Work request: Copy word for word, please, the lines of the entries below running from the one containing "21 Passenger Party Bus" to the one containing "Tottenham Hotspur 2008-09 Away Kit", both ends included.

Segment Start: Input

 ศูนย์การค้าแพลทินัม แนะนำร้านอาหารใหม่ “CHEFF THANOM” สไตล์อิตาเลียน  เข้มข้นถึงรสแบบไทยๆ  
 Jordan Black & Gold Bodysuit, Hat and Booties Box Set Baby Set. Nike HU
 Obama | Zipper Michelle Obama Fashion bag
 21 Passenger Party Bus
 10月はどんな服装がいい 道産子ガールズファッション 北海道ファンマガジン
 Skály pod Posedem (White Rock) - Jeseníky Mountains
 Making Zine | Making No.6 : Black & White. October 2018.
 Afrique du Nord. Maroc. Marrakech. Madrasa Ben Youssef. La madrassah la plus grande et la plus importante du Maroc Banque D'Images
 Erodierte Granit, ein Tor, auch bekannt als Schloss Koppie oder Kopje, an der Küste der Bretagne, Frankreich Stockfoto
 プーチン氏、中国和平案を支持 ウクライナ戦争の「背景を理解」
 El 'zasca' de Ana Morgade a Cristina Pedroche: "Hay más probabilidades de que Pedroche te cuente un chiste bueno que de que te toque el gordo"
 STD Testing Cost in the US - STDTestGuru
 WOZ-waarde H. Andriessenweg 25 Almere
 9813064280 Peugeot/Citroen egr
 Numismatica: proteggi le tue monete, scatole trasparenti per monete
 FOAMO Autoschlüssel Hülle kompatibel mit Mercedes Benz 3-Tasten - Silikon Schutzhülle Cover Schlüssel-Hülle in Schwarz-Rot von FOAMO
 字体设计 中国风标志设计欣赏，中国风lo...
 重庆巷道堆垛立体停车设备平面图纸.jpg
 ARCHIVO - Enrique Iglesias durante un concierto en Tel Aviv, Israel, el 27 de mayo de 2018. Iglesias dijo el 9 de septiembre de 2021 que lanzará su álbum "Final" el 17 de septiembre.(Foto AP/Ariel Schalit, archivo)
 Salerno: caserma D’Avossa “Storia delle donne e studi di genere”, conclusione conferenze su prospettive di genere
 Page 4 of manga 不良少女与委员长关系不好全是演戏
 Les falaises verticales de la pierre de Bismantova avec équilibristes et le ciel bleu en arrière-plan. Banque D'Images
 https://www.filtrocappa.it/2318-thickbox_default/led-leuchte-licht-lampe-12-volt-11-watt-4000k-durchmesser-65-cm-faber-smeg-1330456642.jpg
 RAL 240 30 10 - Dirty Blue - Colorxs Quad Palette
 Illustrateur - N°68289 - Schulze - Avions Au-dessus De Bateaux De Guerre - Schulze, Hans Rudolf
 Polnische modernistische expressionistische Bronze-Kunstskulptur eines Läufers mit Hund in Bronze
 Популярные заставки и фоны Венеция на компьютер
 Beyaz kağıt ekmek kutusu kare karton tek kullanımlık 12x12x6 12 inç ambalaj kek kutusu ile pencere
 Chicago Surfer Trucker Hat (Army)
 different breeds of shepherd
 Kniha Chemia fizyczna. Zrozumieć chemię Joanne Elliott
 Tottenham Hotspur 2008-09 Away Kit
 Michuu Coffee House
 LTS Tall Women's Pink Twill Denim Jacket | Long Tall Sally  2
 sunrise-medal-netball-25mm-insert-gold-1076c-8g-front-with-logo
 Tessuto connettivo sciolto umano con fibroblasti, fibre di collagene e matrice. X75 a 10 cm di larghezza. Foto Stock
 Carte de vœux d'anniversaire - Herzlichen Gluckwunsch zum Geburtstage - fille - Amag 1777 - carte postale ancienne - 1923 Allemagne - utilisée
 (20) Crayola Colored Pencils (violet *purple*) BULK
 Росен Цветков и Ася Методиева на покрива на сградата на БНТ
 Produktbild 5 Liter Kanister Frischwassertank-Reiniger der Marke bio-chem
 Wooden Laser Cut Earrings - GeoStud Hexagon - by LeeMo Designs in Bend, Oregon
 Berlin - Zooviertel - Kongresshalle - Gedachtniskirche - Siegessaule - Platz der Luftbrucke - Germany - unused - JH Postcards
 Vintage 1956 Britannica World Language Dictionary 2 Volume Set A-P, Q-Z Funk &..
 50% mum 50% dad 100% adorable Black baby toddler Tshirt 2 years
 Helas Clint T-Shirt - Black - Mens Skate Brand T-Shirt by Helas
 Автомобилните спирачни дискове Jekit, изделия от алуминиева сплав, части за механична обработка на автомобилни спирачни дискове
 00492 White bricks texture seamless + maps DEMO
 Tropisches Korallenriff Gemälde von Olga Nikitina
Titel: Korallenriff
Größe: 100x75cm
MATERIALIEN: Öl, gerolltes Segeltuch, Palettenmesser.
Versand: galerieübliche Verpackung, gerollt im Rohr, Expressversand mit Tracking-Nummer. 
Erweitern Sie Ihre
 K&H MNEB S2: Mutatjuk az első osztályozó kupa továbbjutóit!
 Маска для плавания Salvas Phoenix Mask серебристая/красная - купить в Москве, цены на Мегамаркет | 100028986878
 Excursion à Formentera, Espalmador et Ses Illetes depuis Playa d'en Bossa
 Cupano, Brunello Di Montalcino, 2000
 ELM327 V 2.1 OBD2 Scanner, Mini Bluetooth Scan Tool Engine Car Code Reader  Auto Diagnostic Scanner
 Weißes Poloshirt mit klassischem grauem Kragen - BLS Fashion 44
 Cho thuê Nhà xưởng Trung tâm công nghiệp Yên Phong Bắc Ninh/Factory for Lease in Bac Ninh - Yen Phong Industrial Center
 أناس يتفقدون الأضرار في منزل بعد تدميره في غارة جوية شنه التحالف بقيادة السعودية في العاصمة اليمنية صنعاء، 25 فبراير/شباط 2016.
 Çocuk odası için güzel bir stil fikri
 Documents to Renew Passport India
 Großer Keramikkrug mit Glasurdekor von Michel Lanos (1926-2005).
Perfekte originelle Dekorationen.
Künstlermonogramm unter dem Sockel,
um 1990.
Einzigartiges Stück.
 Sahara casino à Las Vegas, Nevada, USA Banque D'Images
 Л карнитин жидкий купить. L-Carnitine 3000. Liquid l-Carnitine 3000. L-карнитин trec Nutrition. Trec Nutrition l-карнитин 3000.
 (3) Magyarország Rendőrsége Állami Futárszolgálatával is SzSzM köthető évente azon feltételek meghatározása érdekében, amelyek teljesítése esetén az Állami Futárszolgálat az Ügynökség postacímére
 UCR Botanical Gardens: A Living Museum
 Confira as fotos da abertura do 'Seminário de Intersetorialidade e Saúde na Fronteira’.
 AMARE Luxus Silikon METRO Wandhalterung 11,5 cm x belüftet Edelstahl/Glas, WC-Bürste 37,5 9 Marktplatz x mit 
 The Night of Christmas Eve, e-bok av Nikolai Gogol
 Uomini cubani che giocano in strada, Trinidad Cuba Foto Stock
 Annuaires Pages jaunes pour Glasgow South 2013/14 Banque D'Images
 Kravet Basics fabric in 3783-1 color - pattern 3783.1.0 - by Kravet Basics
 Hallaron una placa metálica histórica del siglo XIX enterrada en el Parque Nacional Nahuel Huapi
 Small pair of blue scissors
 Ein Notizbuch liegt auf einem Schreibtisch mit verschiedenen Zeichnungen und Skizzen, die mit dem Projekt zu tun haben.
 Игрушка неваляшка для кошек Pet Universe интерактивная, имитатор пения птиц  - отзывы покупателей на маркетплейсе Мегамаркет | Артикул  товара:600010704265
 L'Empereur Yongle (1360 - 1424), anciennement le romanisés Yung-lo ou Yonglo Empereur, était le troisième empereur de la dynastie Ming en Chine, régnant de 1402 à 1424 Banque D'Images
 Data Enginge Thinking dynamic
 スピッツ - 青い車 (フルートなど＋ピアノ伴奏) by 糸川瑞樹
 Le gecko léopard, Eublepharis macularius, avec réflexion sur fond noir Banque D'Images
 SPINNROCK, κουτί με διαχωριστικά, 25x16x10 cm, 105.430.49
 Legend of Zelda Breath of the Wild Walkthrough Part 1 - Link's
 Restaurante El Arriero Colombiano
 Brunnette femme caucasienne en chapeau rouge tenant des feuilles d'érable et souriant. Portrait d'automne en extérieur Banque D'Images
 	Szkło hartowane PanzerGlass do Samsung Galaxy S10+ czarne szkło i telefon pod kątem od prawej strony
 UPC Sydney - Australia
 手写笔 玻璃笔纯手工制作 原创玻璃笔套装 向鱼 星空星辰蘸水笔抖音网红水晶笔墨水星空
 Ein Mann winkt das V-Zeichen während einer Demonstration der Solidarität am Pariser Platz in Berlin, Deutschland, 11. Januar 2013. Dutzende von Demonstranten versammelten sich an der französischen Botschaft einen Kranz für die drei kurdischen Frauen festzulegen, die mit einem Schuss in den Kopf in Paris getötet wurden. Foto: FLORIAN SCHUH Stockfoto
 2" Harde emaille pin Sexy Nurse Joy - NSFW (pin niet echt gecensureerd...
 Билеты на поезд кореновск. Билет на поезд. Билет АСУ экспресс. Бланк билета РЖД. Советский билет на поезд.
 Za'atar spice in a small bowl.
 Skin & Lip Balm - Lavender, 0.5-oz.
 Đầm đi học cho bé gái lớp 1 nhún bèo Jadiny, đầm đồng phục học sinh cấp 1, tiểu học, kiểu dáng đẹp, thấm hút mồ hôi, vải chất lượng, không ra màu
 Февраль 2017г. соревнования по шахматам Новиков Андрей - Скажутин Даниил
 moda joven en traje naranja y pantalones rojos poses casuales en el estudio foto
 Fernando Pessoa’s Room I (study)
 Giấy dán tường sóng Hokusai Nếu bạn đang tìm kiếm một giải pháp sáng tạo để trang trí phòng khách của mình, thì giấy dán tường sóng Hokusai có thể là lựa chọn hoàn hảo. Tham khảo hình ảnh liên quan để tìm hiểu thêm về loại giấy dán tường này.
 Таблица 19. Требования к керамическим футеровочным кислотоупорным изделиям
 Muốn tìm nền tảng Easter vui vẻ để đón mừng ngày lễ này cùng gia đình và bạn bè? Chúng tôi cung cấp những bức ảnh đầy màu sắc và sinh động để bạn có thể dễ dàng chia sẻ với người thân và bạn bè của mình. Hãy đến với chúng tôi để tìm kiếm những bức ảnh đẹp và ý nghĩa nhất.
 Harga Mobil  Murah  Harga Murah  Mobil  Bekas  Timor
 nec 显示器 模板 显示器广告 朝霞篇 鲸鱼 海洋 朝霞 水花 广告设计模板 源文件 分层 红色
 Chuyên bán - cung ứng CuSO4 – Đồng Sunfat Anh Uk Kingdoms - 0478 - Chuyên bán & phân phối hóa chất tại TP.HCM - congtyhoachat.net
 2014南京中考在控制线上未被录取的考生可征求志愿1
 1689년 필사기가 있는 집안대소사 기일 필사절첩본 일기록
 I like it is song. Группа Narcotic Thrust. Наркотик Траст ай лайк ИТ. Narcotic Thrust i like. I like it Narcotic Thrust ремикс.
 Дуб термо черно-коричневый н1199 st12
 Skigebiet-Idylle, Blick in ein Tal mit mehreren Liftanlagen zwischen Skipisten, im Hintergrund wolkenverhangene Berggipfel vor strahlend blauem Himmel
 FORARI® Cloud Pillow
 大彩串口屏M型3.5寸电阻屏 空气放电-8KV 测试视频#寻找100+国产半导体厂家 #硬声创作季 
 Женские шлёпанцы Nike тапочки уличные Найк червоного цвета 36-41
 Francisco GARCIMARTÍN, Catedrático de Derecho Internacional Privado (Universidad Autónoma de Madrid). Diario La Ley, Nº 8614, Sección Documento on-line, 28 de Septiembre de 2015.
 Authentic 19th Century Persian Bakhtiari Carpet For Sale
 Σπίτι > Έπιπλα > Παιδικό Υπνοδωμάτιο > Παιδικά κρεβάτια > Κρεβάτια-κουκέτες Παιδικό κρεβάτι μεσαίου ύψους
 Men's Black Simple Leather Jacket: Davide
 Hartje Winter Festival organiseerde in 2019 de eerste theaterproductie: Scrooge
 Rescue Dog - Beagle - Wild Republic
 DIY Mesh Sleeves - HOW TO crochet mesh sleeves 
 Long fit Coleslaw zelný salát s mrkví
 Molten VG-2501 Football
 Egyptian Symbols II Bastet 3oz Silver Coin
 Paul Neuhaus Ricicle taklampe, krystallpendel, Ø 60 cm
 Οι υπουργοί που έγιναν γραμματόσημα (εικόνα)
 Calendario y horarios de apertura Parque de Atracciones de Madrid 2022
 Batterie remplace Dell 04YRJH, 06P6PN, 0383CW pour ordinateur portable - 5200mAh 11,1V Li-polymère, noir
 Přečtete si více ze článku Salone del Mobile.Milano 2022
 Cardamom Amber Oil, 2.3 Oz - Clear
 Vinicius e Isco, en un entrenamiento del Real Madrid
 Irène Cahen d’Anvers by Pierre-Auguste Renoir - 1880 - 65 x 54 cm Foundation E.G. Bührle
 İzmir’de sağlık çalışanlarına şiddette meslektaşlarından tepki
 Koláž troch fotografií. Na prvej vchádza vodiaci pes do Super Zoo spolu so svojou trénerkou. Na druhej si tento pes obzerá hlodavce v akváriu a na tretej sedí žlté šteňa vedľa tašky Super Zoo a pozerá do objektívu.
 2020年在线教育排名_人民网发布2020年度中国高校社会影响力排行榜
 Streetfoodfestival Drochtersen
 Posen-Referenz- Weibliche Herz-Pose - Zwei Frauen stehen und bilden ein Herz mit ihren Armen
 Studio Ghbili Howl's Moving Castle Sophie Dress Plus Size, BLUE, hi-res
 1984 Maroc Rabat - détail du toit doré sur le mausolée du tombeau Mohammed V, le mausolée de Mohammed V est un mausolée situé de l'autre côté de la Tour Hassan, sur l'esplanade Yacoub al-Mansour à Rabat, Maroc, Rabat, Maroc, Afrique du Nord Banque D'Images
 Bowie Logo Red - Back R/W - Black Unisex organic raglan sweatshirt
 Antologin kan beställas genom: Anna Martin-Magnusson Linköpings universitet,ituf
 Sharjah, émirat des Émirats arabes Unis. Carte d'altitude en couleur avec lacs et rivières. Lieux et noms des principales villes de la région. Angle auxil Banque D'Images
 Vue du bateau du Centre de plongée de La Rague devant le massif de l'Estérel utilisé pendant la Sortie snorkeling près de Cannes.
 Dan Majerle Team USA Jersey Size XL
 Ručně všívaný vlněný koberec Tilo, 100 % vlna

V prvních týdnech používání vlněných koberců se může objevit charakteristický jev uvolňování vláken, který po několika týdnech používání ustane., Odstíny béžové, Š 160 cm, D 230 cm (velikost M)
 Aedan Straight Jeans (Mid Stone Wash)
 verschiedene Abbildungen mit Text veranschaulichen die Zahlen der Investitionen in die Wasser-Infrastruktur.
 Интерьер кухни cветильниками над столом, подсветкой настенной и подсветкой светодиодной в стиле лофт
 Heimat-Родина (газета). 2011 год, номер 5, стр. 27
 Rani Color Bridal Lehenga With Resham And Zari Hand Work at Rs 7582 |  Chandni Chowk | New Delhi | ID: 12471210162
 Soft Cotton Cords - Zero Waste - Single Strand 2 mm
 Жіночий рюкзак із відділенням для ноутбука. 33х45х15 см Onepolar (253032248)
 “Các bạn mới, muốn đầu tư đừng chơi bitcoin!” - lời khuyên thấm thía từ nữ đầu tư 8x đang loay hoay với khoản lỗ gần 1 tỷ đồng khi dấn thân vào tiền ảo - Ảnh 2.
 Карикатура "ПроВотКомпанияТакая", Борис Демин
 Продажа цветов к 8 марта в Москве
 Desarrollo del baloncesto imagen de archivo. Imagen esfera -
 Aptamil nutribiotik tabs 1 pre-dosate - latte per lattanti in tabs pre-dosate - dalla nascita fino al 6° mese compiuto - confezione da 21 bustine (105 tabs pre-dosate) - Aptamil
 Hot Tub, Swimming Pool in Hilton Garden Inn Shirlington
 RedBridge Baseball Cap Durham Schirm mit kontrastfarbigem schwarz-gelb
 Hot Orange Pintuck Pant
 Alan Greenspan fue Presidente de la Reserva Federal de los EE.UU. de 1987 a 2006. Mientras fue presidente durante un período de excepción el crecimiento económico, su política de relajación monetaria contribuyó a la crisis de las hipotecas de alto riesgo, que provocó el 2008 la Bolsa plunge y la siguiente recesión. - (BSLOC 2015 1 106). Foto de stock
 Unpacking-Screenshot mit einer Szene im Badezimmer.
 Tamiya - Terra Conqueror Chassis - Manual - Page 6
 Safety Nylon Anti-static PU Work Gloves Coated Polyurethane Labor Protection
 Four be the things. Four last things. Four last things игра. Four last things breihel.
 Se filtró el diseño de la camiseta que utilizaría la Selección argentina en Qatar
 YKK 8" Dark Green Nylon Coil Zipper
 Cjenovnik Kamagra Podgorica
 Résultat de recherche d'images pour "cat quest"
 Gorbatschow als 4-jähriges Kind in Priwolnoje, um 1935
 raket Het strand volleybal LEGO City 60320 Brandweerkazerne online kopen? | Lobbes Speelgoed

Segment End: Input

Task output:
 21 Passenger Party Bus
 10月はどんな服装がいい 道産子ガールズファッション 北海道ファンマガジン
 Skály pod Posedem (White Rock) - Jeseníky Mountains
 Making Zine | Making No.6 : Black & White. October 2018.
 Afrique du Nord. Maroc. Marrakech. Madrasa Ben Youssef. La madrassah la plus grande et la plus importante du Maroc Banque D'Images
 Erodierte Granit, ein Tor, auch bekannt als Schloss Koppie oder Kopje, an der Küste der Bretagne, Frankreich Stockfoto
 プーチン氏、中国和平案を支持 ウクライナ戦争の「背景を理解」
 El 'zasca' de Ana Morgade a Cristina Pedroche: "Hay más probabilidades de que Pedroche te cuente un chiste bueno que de que te toque el gordo"
 STD Testing Cost in the US - STDTestGuru
 WOZ-waarde H. Andriessenweg 25 Almere
 9813064280 Peugeot/Citroen egr
 Numismatica: proteggi le tue monete, scatole trasparenti per monete
 FOAMO Autoschlüssel Hülle kompatibel mit Mercedes Benz 3-Tasten - Silikon Schutzhülle Cover Schlüssel-Hülle in Schwarz-Rot von FOAMO
 字体设计 中国风标志设计欣赏，中国风lo...
 重庆巷道堆垛立体停车设备平面图纸.jpg
 ARCHIVO - Enrique Iglesias durante un concierto en Tel Aviv, Israel, el 27 de mayo de 2018. Iglesias dijo el 9 de septiembre de 2021 que lanzará su álbum "Final" el 17 de septiembre.(Foto AP/Ariel Schalit, archivo)
 Salerno: caserma D’Avossa “Storia delle donne e studi di genere”, conclusione conferenze su prospettive di genere
 Page 4 of manga 不良少女与委员长关系不好全是演戏
 Les falaises verticales de la pierre de Bismantova avec équilibristes et le ciel bleu en arrière-plan. Banque D'Images
 https://www.filtrocappa.it/2318-thickbox_default/led-leuchte-licht-lampe-12-volt-11-watt-4000k-durchmesser-65-cm-faber-smeg-1330456642.jpg
 RAL 240 30 10 - Dirty Blue - Colorxs Quad Palette
 Illustrateur - N°68289 - Schulze - Avions Au-dessus De Bateaux De Guerre - Schulze, Hans Rudolf
 Polnische modernistische expressionistische Bronze-Kunstskulptur eines Läufers mit Hund in Bronze
 Популярные заставки и фоны Венеция на компьютер
 Beyaz kağıt ekmek kutusu kare karton tek kullanımlık 12x12x6 12 inç ambalaj kek kutusu ile pencere
 Chicago Surfer Trucker Hat (Army)
 different breeds of shepherd
 Kniha Chemia fizyczna. Zrozumieć chemię Joanne Elliott
 Tottenham Hotspur 2008-09 Away Kit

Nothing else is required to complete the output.